Brown's objection to this holding of the Report is brief. His argument in its entirety is that
[t]he evidence before the jury was equivocal at best, and to the extent that the trial jury made "factual" findings, these findings were inferences that were arbitrary and in no manner proved beyond a reasonable doubt. The behavior upon which the criminal charges are based is equally susceptible to a finding of not guilty as to all charges except seventh degree possession of a controlled substance.

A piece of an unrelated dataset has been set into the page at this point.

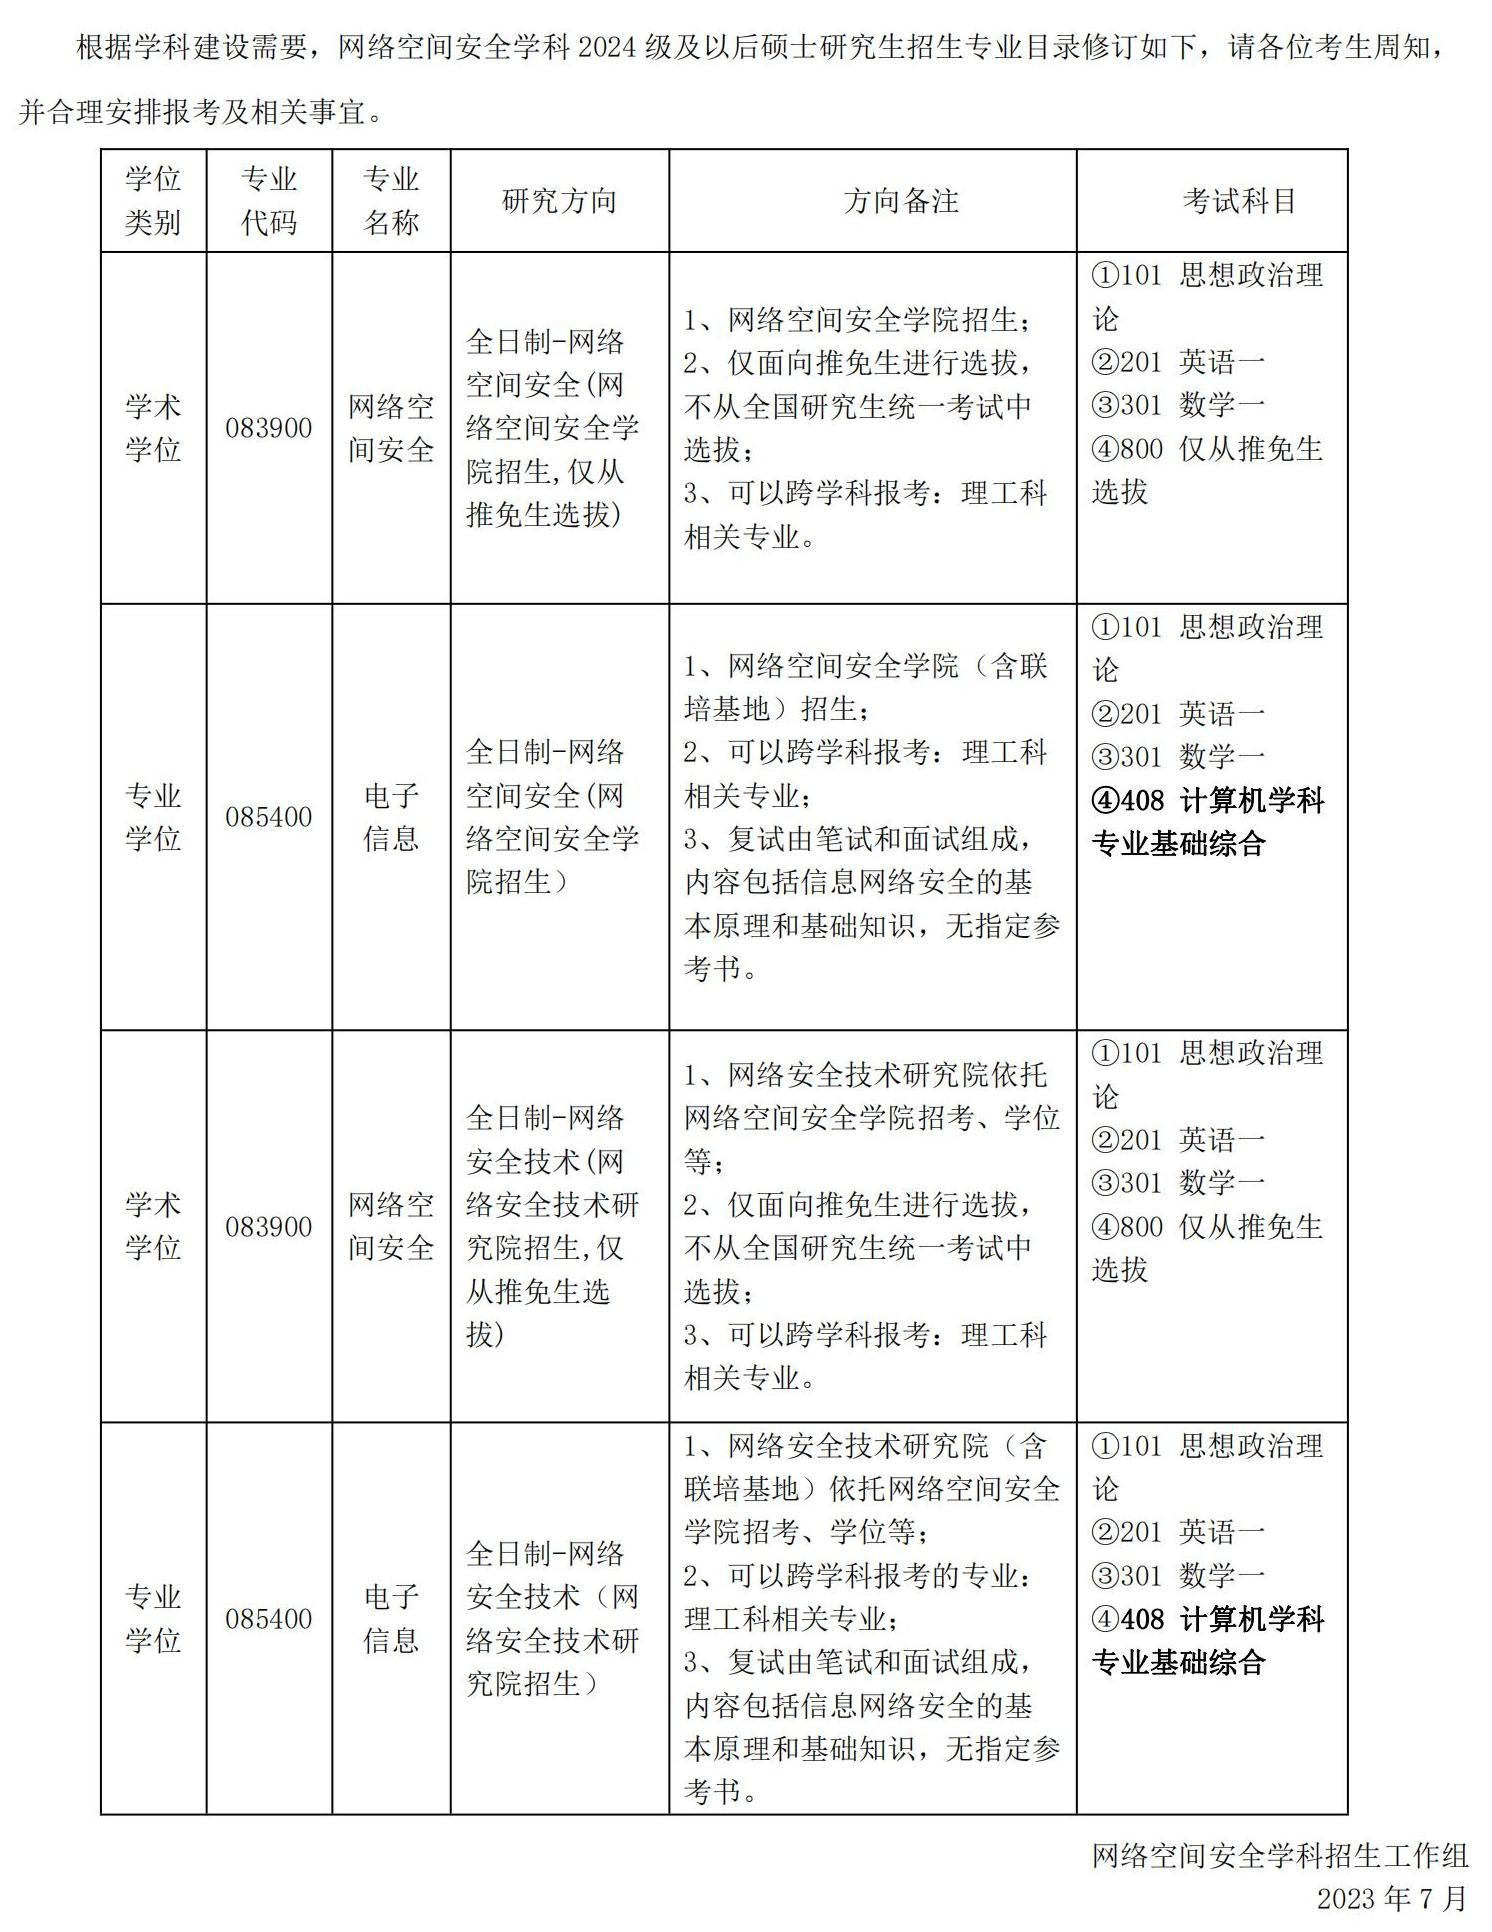 上海交通大学网络空间安全学科硕士研究生招生专业目录修订公告
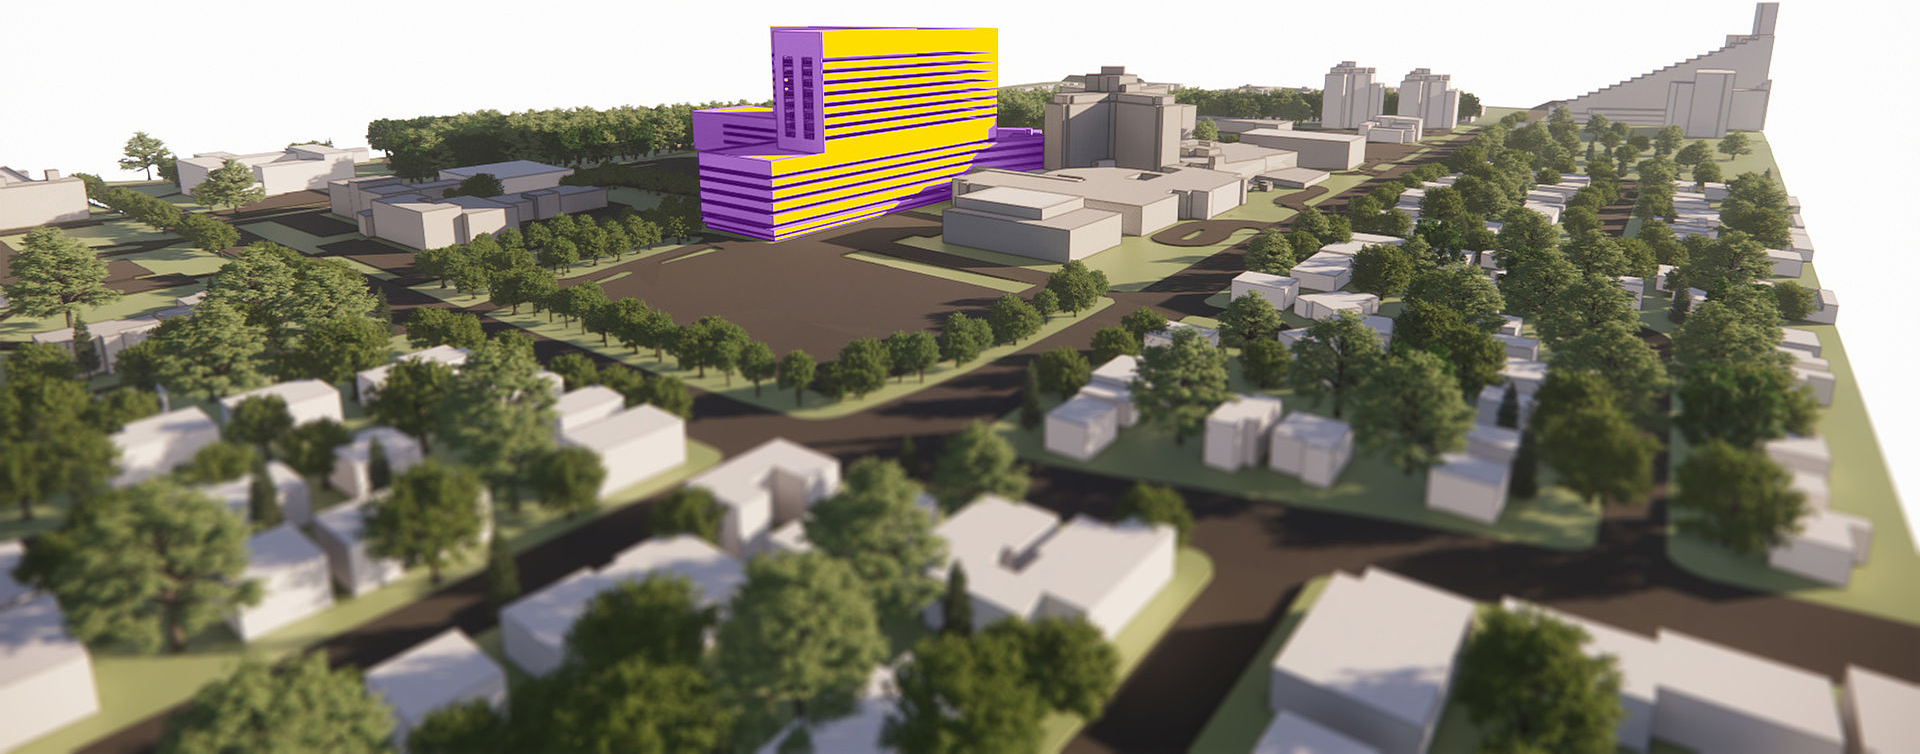 Rendu architectural du nouvel Hôpital Maisonneuve-Rosemont

Because this line of argument is the same as that presented in the underlying petition, de novo review of this portion of the Report is not required. The legal analysis not being clearly erroneous, the Report's rejection of Brown's claim of insufficient evidence is therefore adopted.
III. Remaining Claims
The Report rejects Brown's remaining claims on the ground that they do not implicate federal rights and therefore cannot provide the basis for habeas relief. Because Brown did not object to these portions of the Report and because they are not clearly erroneous, they will be adopted.
Conclusion
The recommendation of Magistrate Judge Fox is adopted, and the petition for a writ of habeas corpus is denied. In addition, I decline to issue a certificate of appealability. Brown has not made a substantial showing of a denial of a federal right, and appellate review is therefore not warranted.Grotto v. Herbert, 316 F.3d 198, 209 (2d Cir. 2003). I also find, pursuant to 28 U.S.C. § 1915(a)(3), that any appeal from this order would not be taken in good faith. Coppedge v. United States, 369 U.S. 438, 445 (1962). The Clerk of Court shall dismiss the petition.